Classification Axis 3 — Defect Location: Intracorpuscular vs Extracorpuscular

The third axis localises the defect to inside or outside the red cell.

Intracorpuscular defects (the abnormality is intrinsic to the red cell)
• Membrane defects: Abnormal spectrin, ankyrin, or band 3 proteins → loss of membrane deformability → spherocytes or elliptocytes → trapped and destroyed in splenic sinusoids.
• Enzyme defects: Deficient G6PD → failure of glutathione reduction → oxidant damage to Hb → Heinz body formation → 'bite cells' on smear; deficient pyruvate kinase → failure of ATP generation → rigid cells → extravascular destruction.
• Haemoglobin defects: Abnormal β-globin (sickle mutation) → sickling under deoxygenation → vaso-occlusion + haemolysis; quantitative globin defects (thalassaemia) → chain imbalance → precipitation, inclusion bodies, ineffective erythropoiesis.

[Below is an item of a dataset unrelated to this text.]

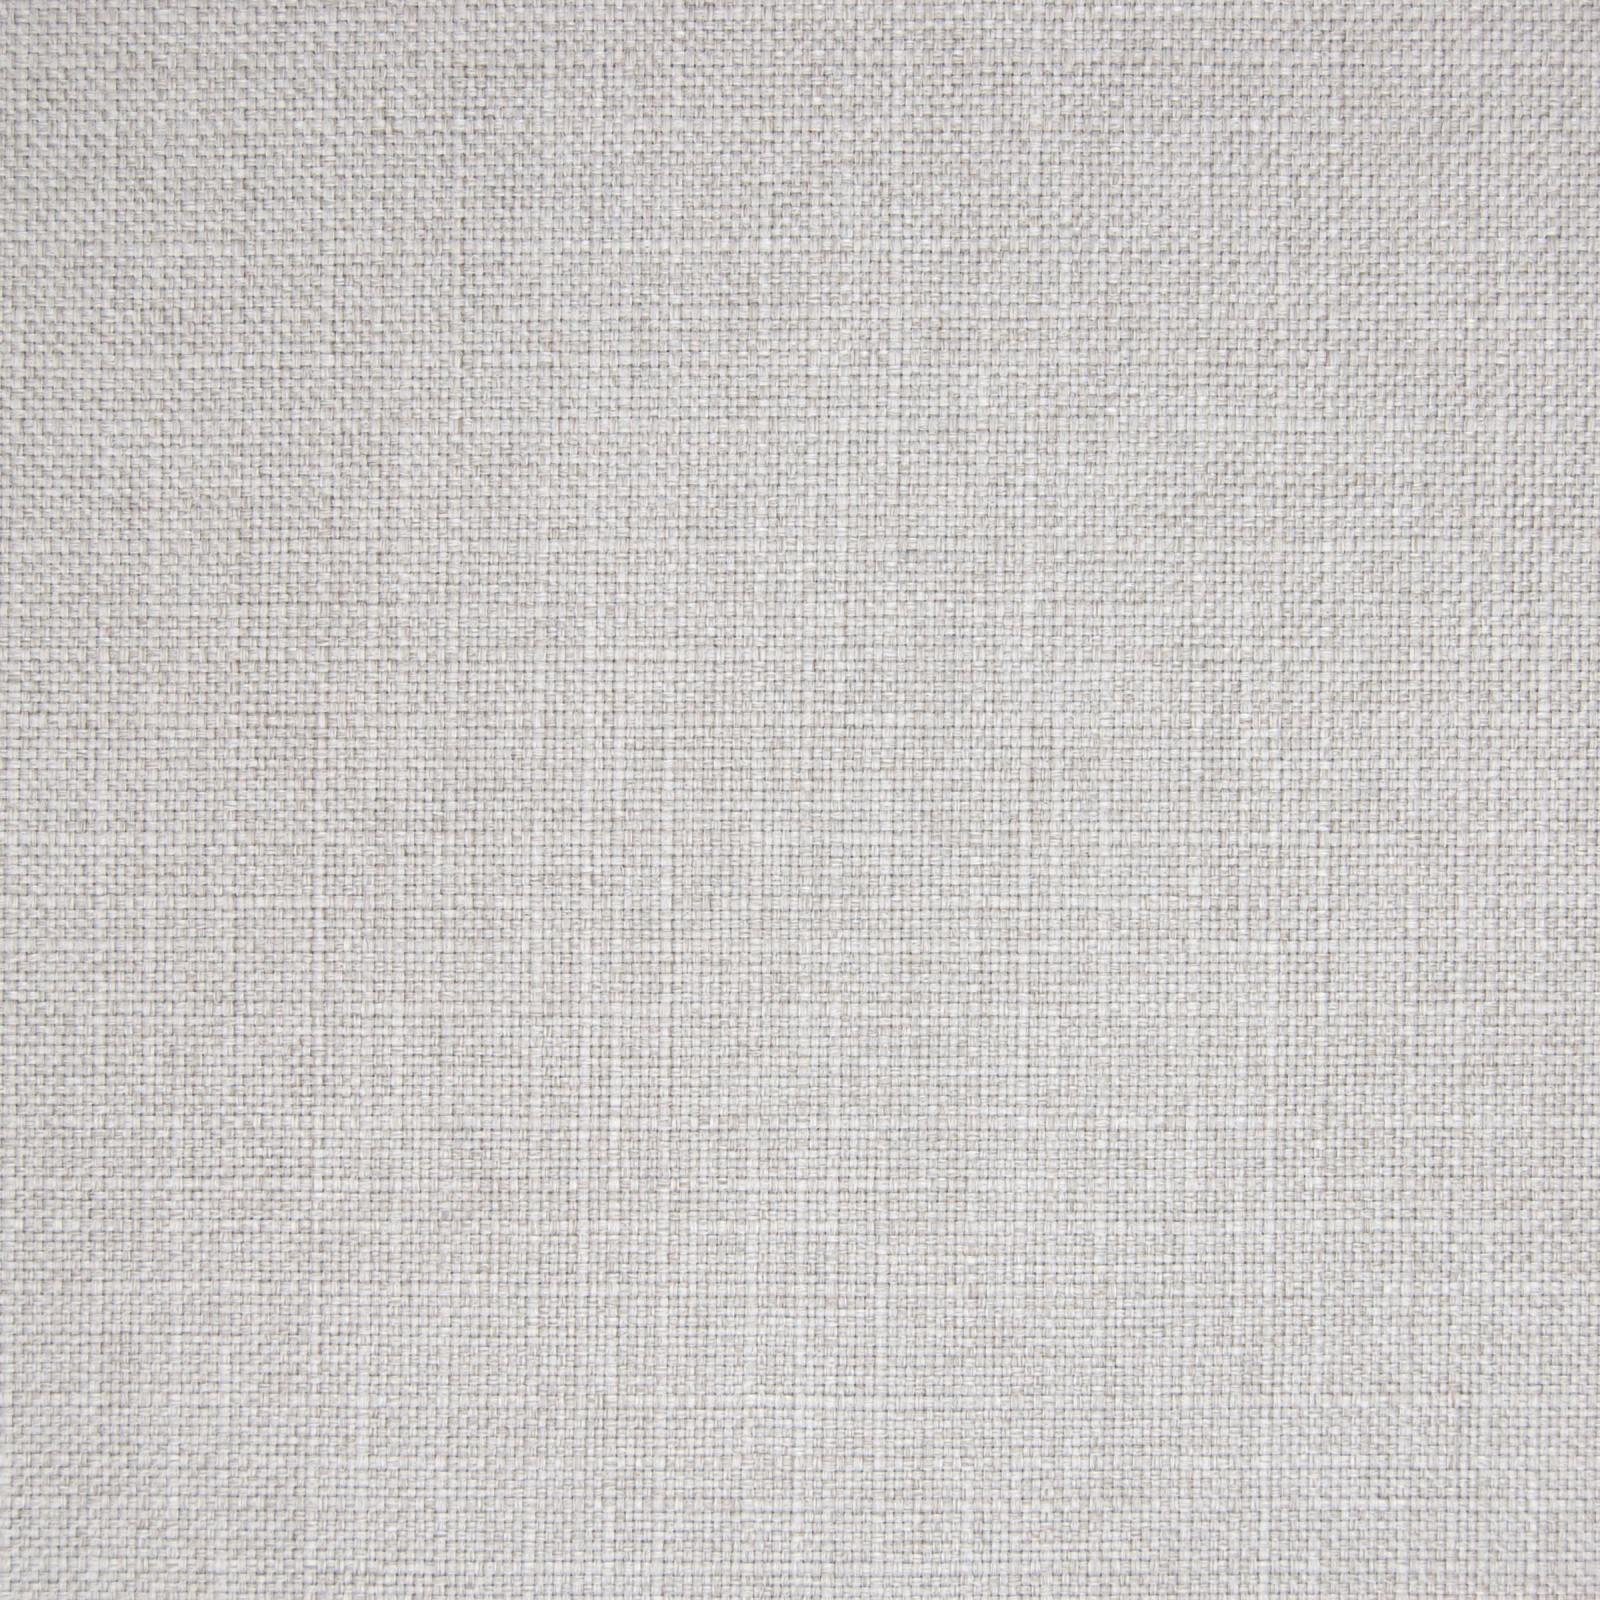 blue dot chairs dining leather uk b6766 linen   greenhouse fabrics

Extracorpuscular defects (the red cell itself is normal at the start; the environment destroys it)
• Immune: Antibodies (IgG in warm AIHA, IgM in cold AIHA) coat the RBC surface → opsonisation → extravascular destruction in spleen.
• Mechanical: Fibrin strands in microvasculature (DIC, TTP, HUS) or mechanical heart valves shear passing red cells → fragmentation → schistocytes on smear.
• Toxic/infectious: Malaria parasite directly lyses the erythrocyte from within; Clostridium toxins degrade membrane phospholipids.
• Hypersplenism: Excessively active spleen (portal hypertension, storage diseases) → non-selective destruction of RBCs, WBCs and platelets.

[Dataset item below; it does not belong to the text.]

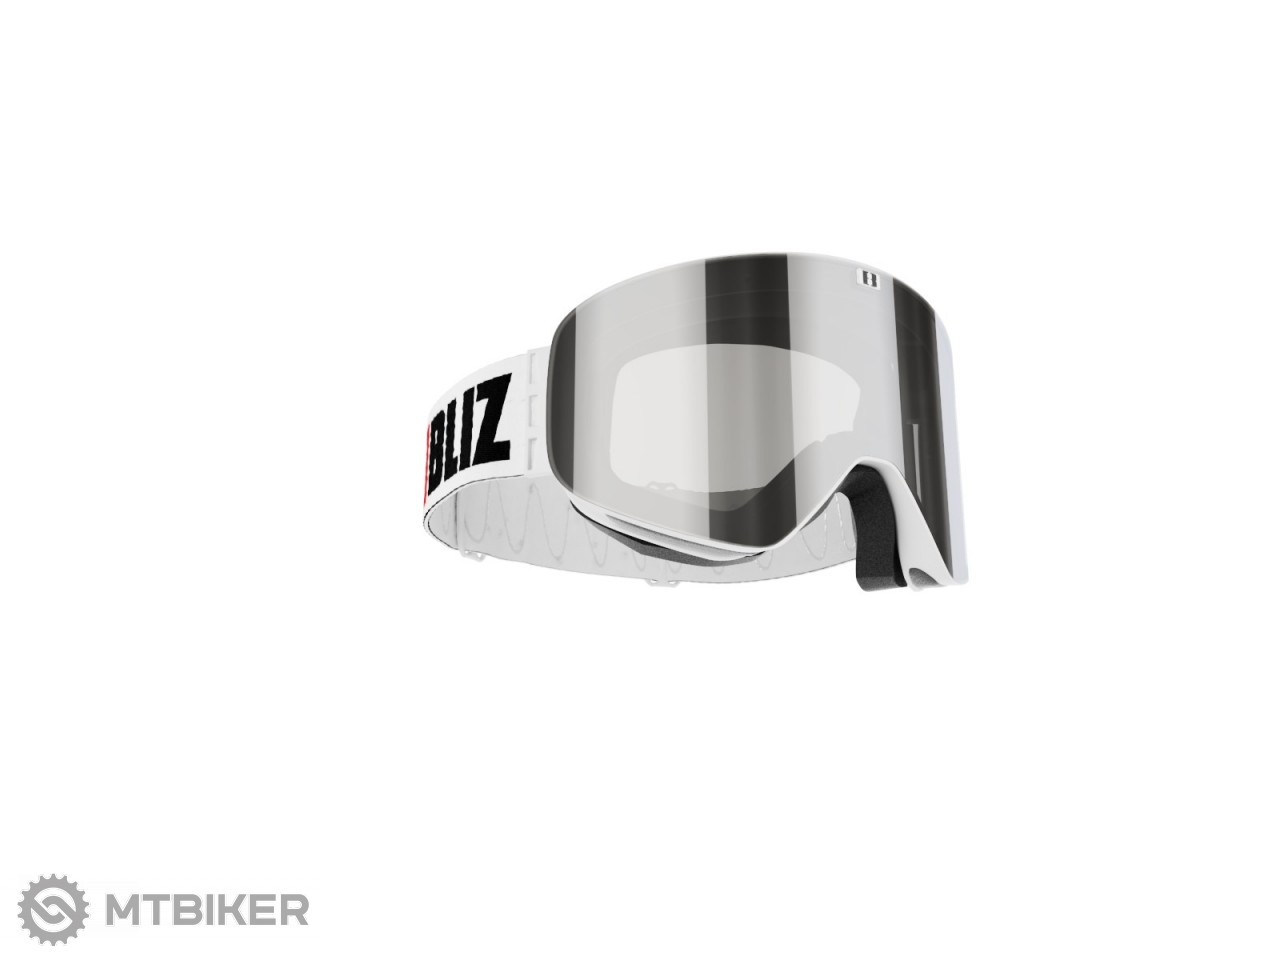 0f62a48b6 Bliz FLOW White brown, silver Mirror lyžiarske okuliare - MTBIKER Shop

The diagnostic shortcut: The Ham test (acidified serum lysis test) — now largely replaced by flow cytometry for CD55/CD59 — was classically used to identify PNH, the one condition that straddles both axes: it is acquired (somatic GPI-anchor mutation) but intracorpuscular (the defect is within the cell's membrane proteins).

SELF-CHECK

A 25-year-old medical student donates blood. Lab tests show haemoglobin 13.2 g/dL (normal), reticulocytes 8%, serum unconjugated bilirubin 2.1 mg/dL, and LDH 420 U/L. Peripheral smear shows polychromasia and occasional spherocytes. She has no symptoms, no anaemia, and a positive family history for 'mild jaundice'. What is the most likely state?

A. Decompensated haemolytic anaemia with impending aplastic crisis

B. Compensated haemolytic state — marrow output is matching RBC destruction

C. Physiological haemolysis — findings are within normal limits

D. Iron deficiency anaemia with reactive reticulocytosis

Reveal Answer

Answer: B. Compensated haemolytic state — marrow output is matching RBC destruction

The triad of ↑reticulocytes, ↑unconjugated bilirubin, and ↑LDH with normal haemoglobin and a positive family history defines the compensated haemolytic state. The marrow's six- to eight-fold reserve is fully deployed, keeping haemoglobin in range despite ongoing red cell destruction. This is classic hereditary spherocytosis in its compensated form. Decompensation occurs only when destruction outpaces even maximal marrow response. Physiological haemolysis does not produce reticulocytosis or hyperbilirubinaemia at these levels.

General Clinical Features of Haemolytic Anaemia

The clinical presentation of haemolytic anaemia reflects three converging processes: reduced oxygen-carrying capacity (anaemia), excess haem catabolism (hyperbilirubinaemia), and compensatory erythroid hyperplasia (marrow expansion and splenomegaly).

1. Anaemia syndrome (when decompensated)
• Pallor, fatigue, exertional dyspnoea, tachycardia, haemic murmur — shared with all anaemias.
• In children with chronic haemolysis: growth retardation, delayed puberty.

2. Jaundice
• Predominantly pre-hepatic (unconjugated bilirubin from haem catabolism). Mild-to-moderate, often lemon-yellow ('acholuric jaundice' — urine not dark unless there is also haemoglobinuria).
• Urine: normal colour (extravascular) or red/brown (intravascular haemoglobinuria).
• Stool: normal or dark (urobilinogen overflow).
• NOT a sign of liver disease — LFTs (ALT, AST) are typically normal unless there is concomitant hepatic pathology.

3. Splenomegaly
• Results from: (a) macrophage hyperplasia in the red pulp (phagocytic work), (b) extramedullary erythropoiesis in severe chronic haemolysis.
• Splenomegaly, in turn, can worsen haemolysis (hypersplenism) — a vicious cycle.

4. Pigment (bilirubin) gallstones
• Chronic bilirubin overload → supersaturation of bile with bilirubin → precipitation as calcium bilirubinate stones.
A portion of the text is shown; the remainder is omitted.